TST reduz de R$ 300 mil para R$ 100 mil indenização a trabalhadora

O Tribunal Superior do Trabalho reduziu de R$ 300 mil para R$ 100 mil a indenização devida pelo Bradesco a uma bancária que adquiriu doença ocupacional. Segundo a 6ª Turma, o valor inicialmente fixado era desproporcional ao dano sofrido.

Na ação, a mulher, que foi aposentada por invalidez em 2003, afirmou que a doença teve como causa a digitação em máquinas de datilografia e de calcular e em computadores. No laudo pericial foi atestado que ela sofria de síndrome do túnel do carpo bilateral de origem ocupacional.

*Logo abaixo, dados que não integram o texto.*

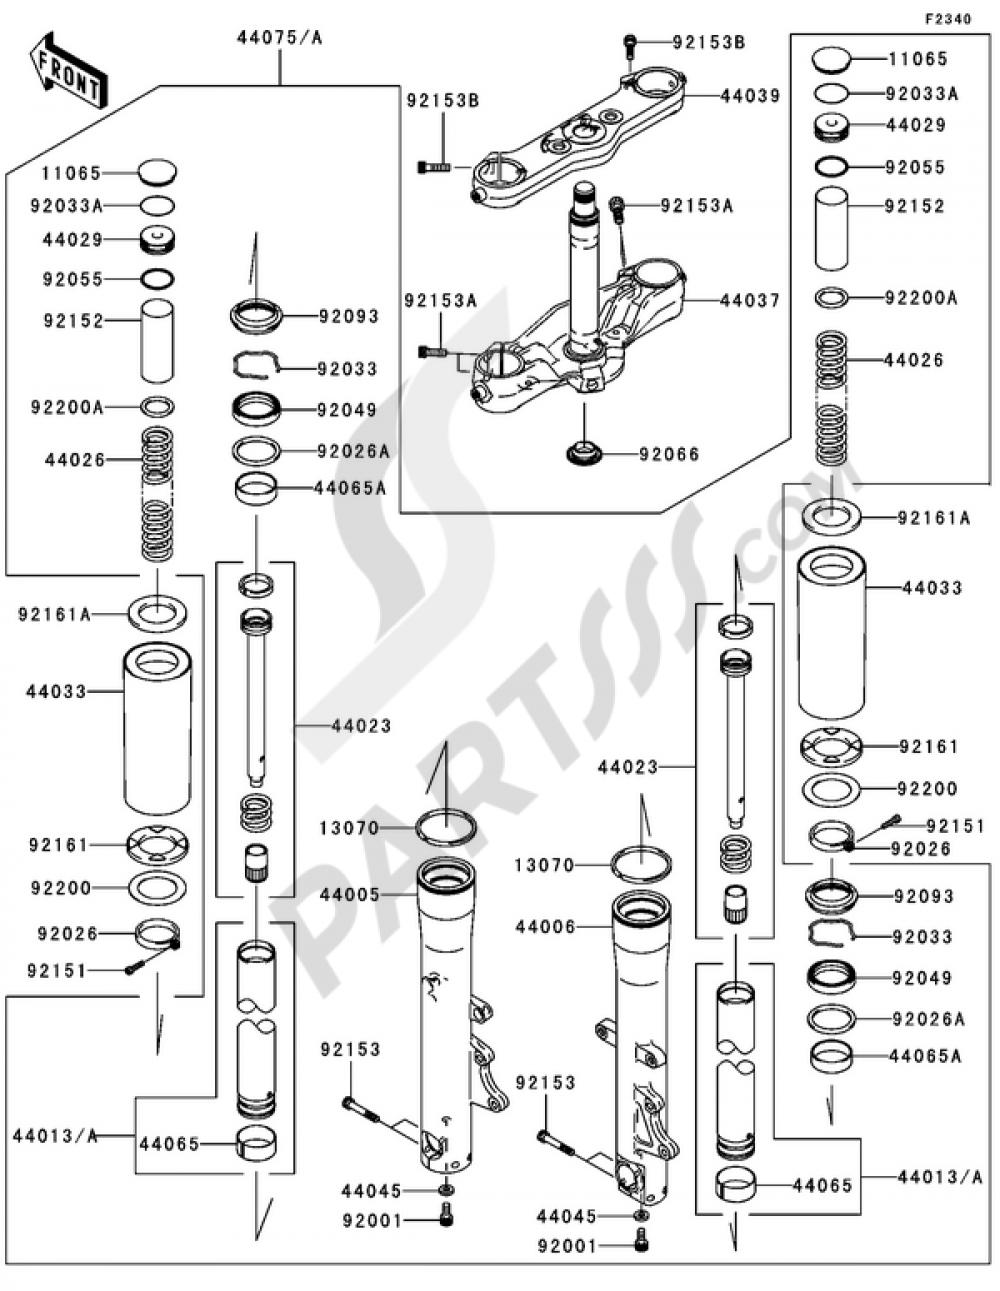 2004 Kawasaki Vn2000 Wiring Diagram. 2004 Kawasaki Kl250 ... on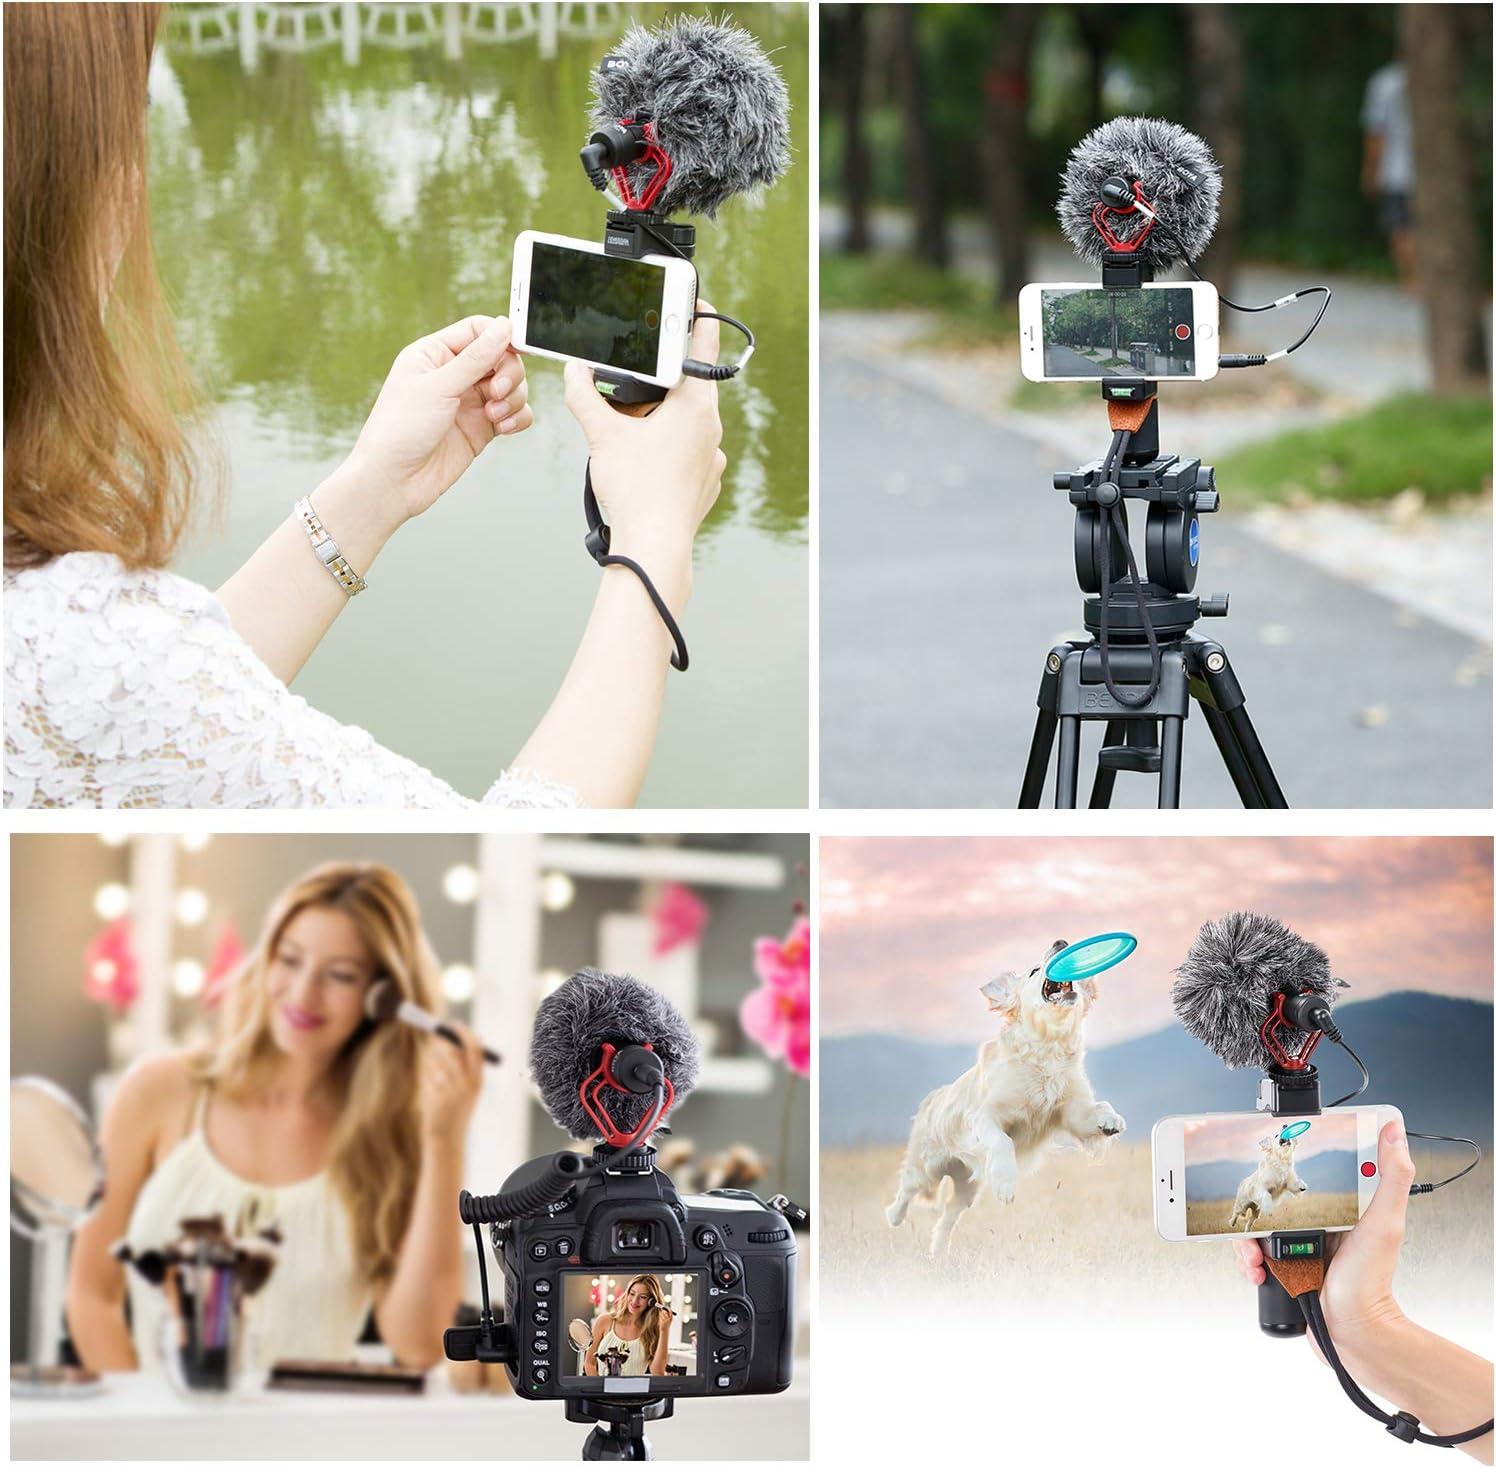 Sevenoak 3.5mm Cardiod Mini Mic for iPhone X 8 8 Plus 7 6 6s iOS Andrioid LG Mac Tablet Canon DSLR Camera Camcorder YouTube Video Shotgun Microphone Smartphone Vlog

Ao fixar o valor de R$ 300 mil, o Tribunal Regional do Trabalho da 5ª Região (BA) entendeu que a empresa não adotou medidas eficazes para atenuar a atividade de risco. Além disso, considerou o tamanho do banco e o número de condenações por doenças ocupacionais de seus empregados.

No TST, no entanto, a indenização foi reduzida. O relator, ministro Augusto César, afirmou que embora tenha havido redução da capacidade de trabalho da funcionária, não fora constatado que essa diminuição tenha sido permanente.

Assim, a 6ª Turma considerou o valor de R$ 300 mil desproporcional, em descompasso com a extensão do dano. Por unanimidade, o colegiado reduziu a indenização para R$ 100 mil. Com informações da assessoria de imprensa do TST.